In theory medicine is diverse enough that there should be something for everyone. In reality, the path to becoming an attending breaks many people before they can find a job that allows the appropriate work/life and motivation/stress balance.

Finally, a lot of the negative aspects in medicine are self inflicted. The speciality you chose, the amount of hours you work, the size house you buy, the expensive car you get, etc etc.

If you read the publications on Burn Out studies, the overwhelming amount of rising administrative, business, insurance battles, and EHR related issues are cited as the root cause of Burn Out and Overall Job Dissatisfaction!

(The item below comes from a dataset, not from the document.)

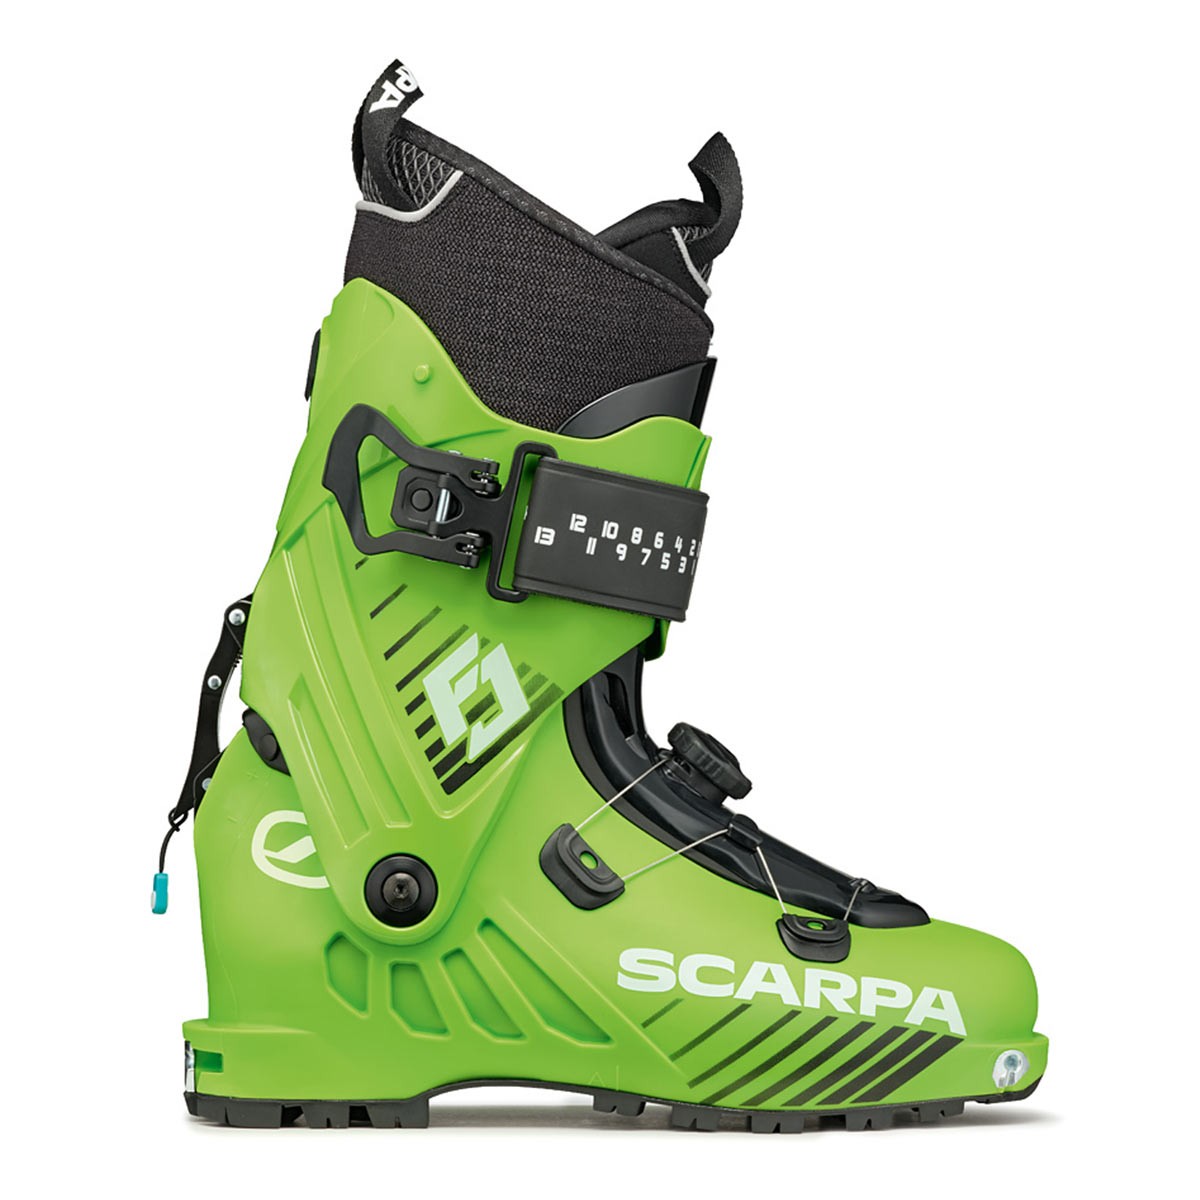  Scarponi Alpinismo Scarpa F1 Junior (Colore: Green Lime, Taglia: 23) 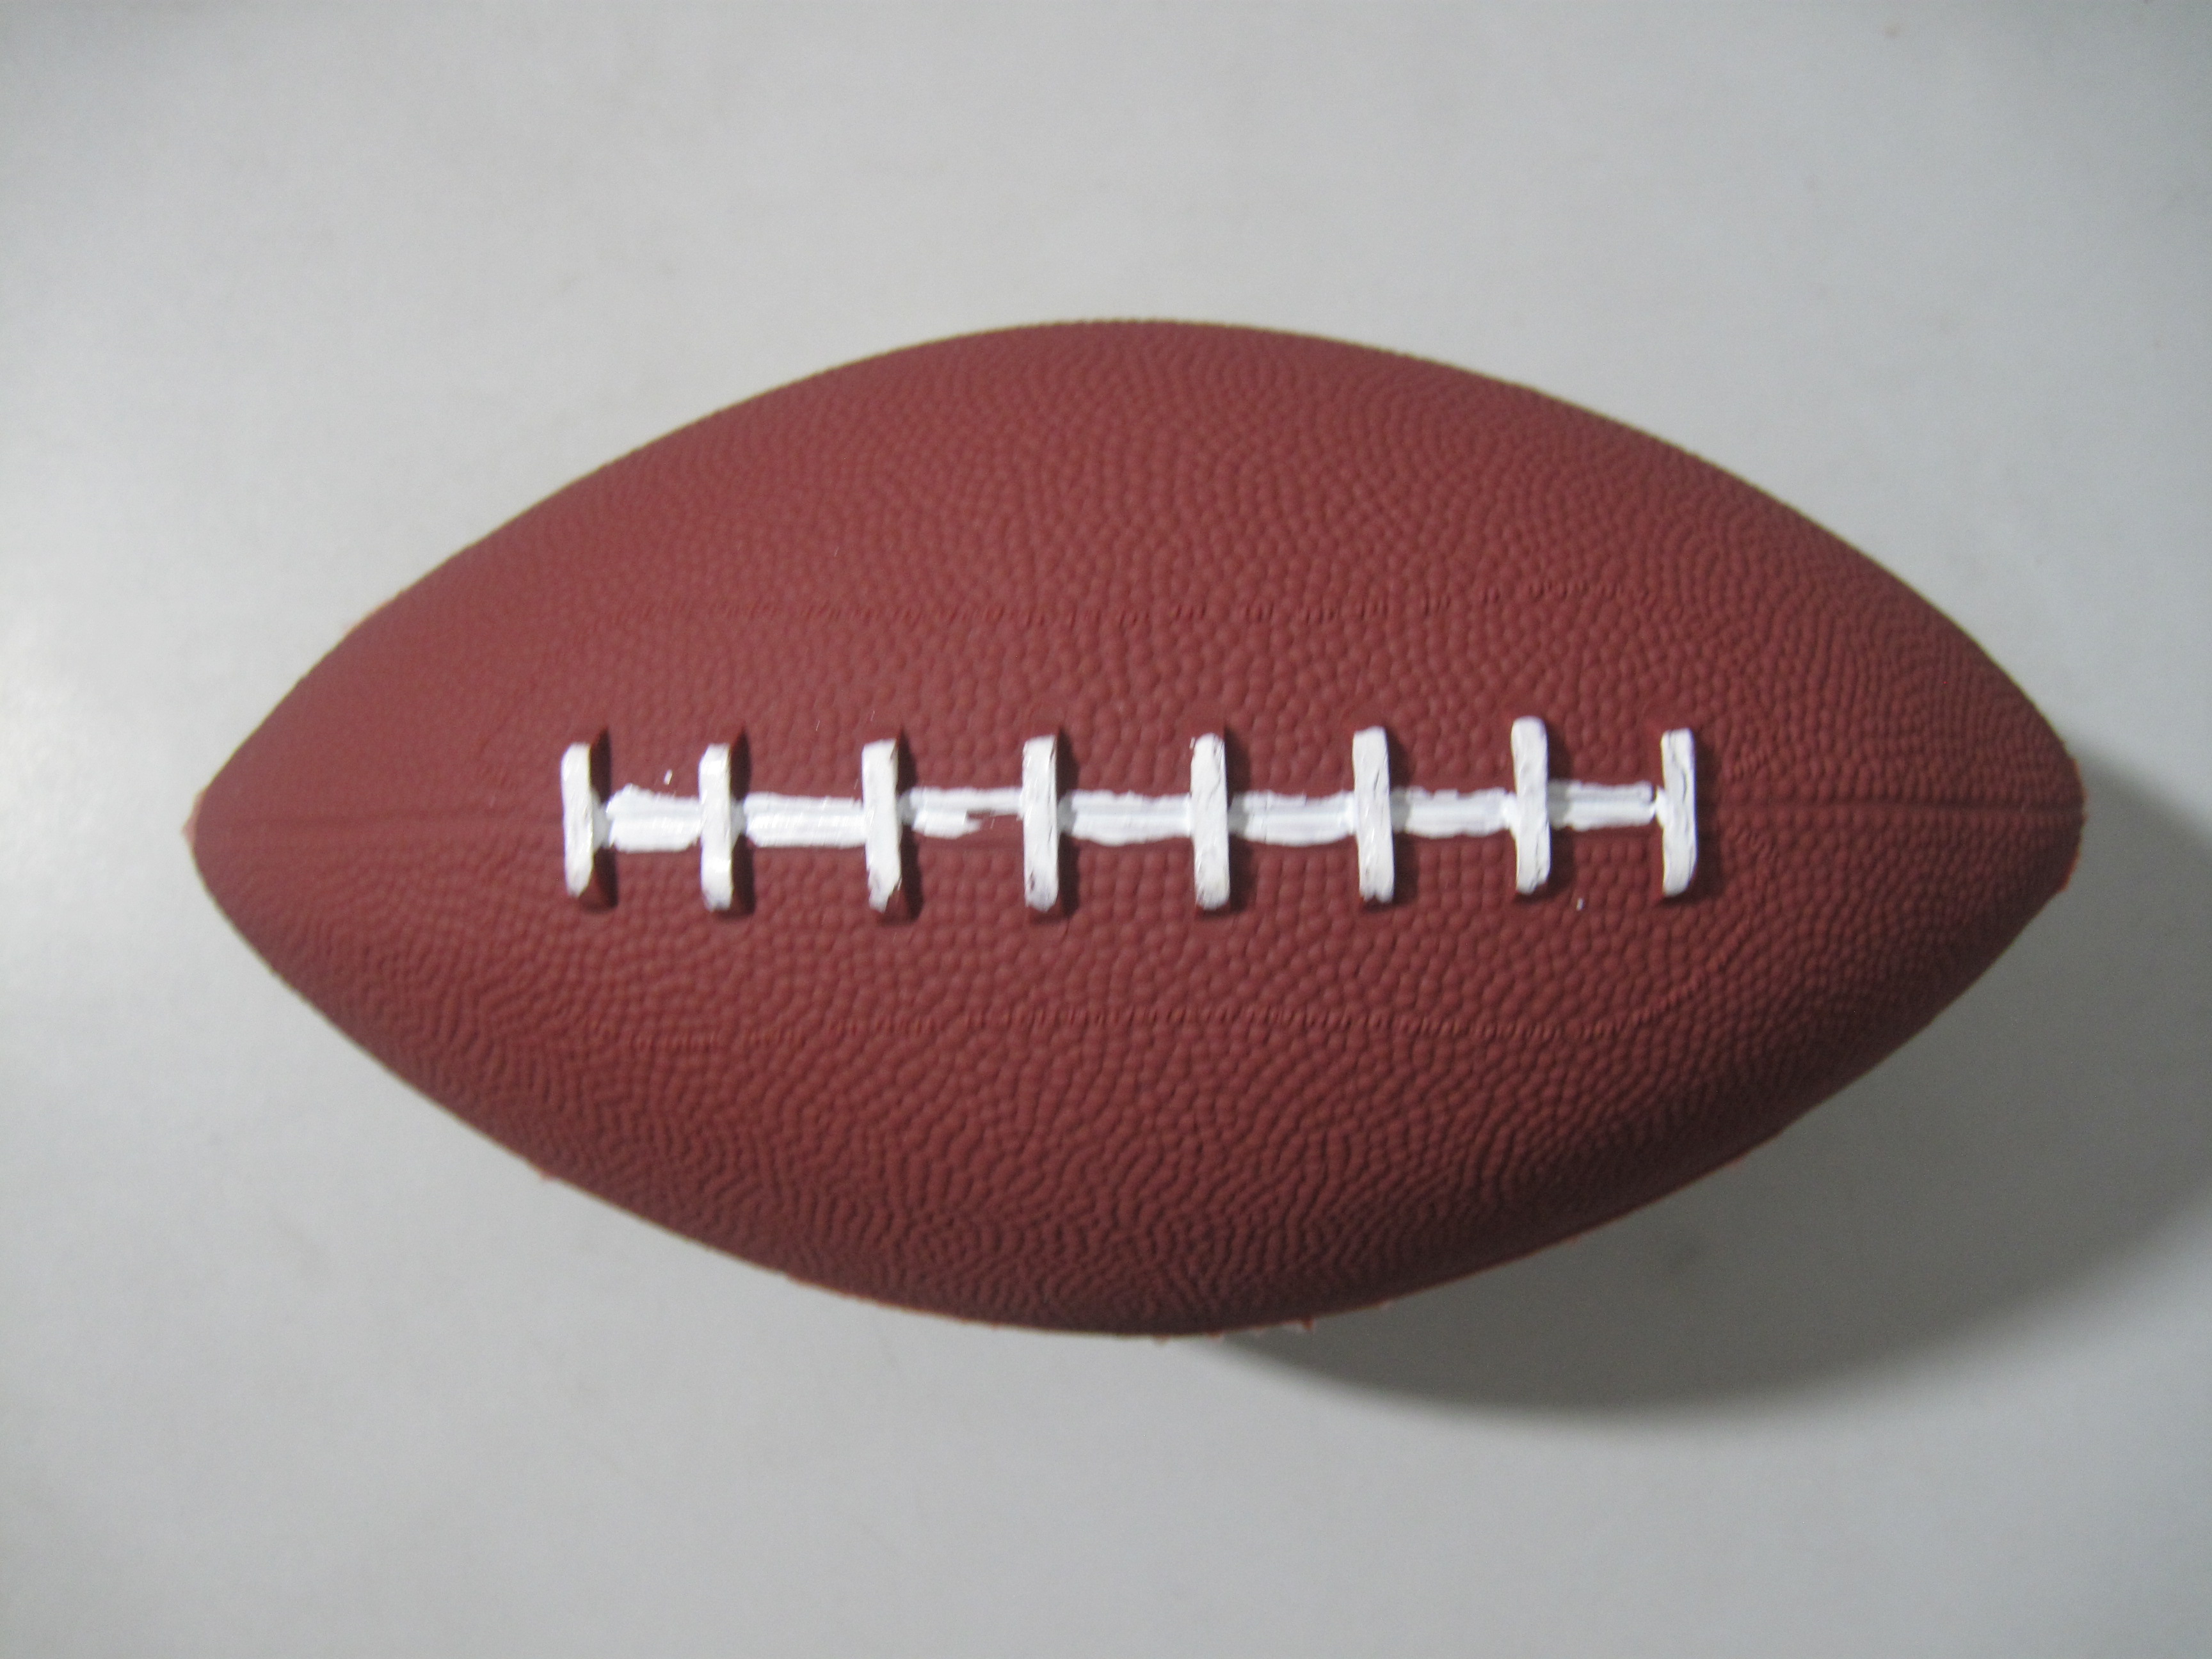 Amerikaanse voetbal / Rugbybal – Buite- en binneshuise sportballe

If anything, current students/residents/fellows have it easier than earlier generation MDs. Yet the profession is experiencing unsurpassed and rising amounts of Burn Out (and suicides). It isn’t the hours or lack of sleep which have only improved over the decades. Focus on improving the real issues for your generation by affecting policy both at your place of work, specialty affiliated organizations/academies, and politically to create more regulation on heath insurance reimbursement gouging /wear down, and malpractice/torte reform.
 
If you read the publications on Burn Out studies, the overwhelming amount of rising administrative, business, insurance battles, and EHR related issues are cited as the root cause of Burn Out and Overall Job Dissatisfaction!

If anything, current students/residents/fellows have it easier than earlier generation MDs. Yet the profession is experiencing unsurpassed and rising amounts of Burn Out (and suicides). It isn’t the hours or lack of sleep which have only improved over the decades. Focus on improving the real issues for your generation by affecting policy both at your place of work, specialty affiliated organizations/academies, and politically to create more regulation on heath insurance reimbursement gouging /wear down, and malpractice/torte reform.

The suits are one layer of abuse. Point is, o amount of shadowing will get a pre-med to feel the burnout. Takes time to accumulate.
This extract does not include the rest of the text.